Like most people in the Pub, Tyler was dealing with conflicting emotions. “This is just the way we should go, with a party like this, and everyone has been so supportive. But it’s been very sentimental the last two nights. I’m trying to make it through the night without ruining my makeup. I started crying here Sunday.”

While Tellez had sounded hopeful just 10 days earlier that the Sunset would rise again in a new location, that prospect seemed far more remote Wednesday.

“It may be time to move on,” club owner Clint Oberholzer said. “We haven’t found a location yet that makes sense. The ambience, such as it is, is a very important part of the Sunset Pub.

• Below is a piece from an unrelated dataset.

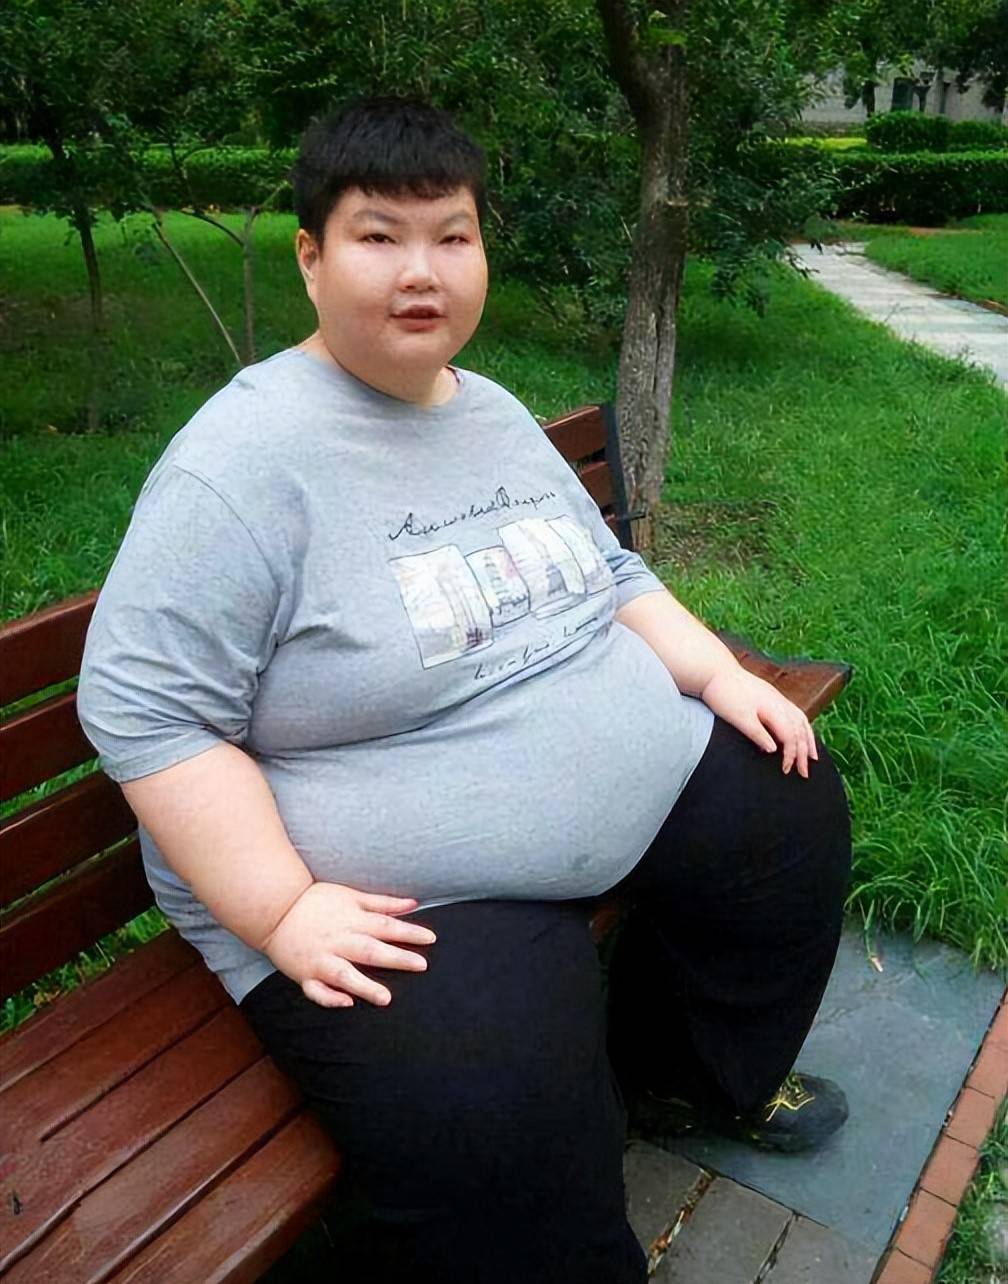 原创食欲真是由基因决定的江西男孩一顿十几碗饭体重暴涨到300斤

It isn’t like we could move it over to (yuppie-oriented mall) Peter’s Landing. So I think this is it.”

That leaves a definite gap for the Pub’s partisans.

“It’s really sad,” said Carl Fountain of Seal Beach. “This area needs a place like this, a casual hangout, as opposed to the Red Onion or El Paso Cantina. I’ve been coming here for a few years, and everybody I’ve brought here has felt the same way: that when you walk in you kind of feel like you live here. If it’s true it’s going to become another Mexican seafood restaurant, that’s the last thing we need.”

Mark Correia of Anaheim had been coming to the pub for the better part of a decade. Where will he go now that it’s gone?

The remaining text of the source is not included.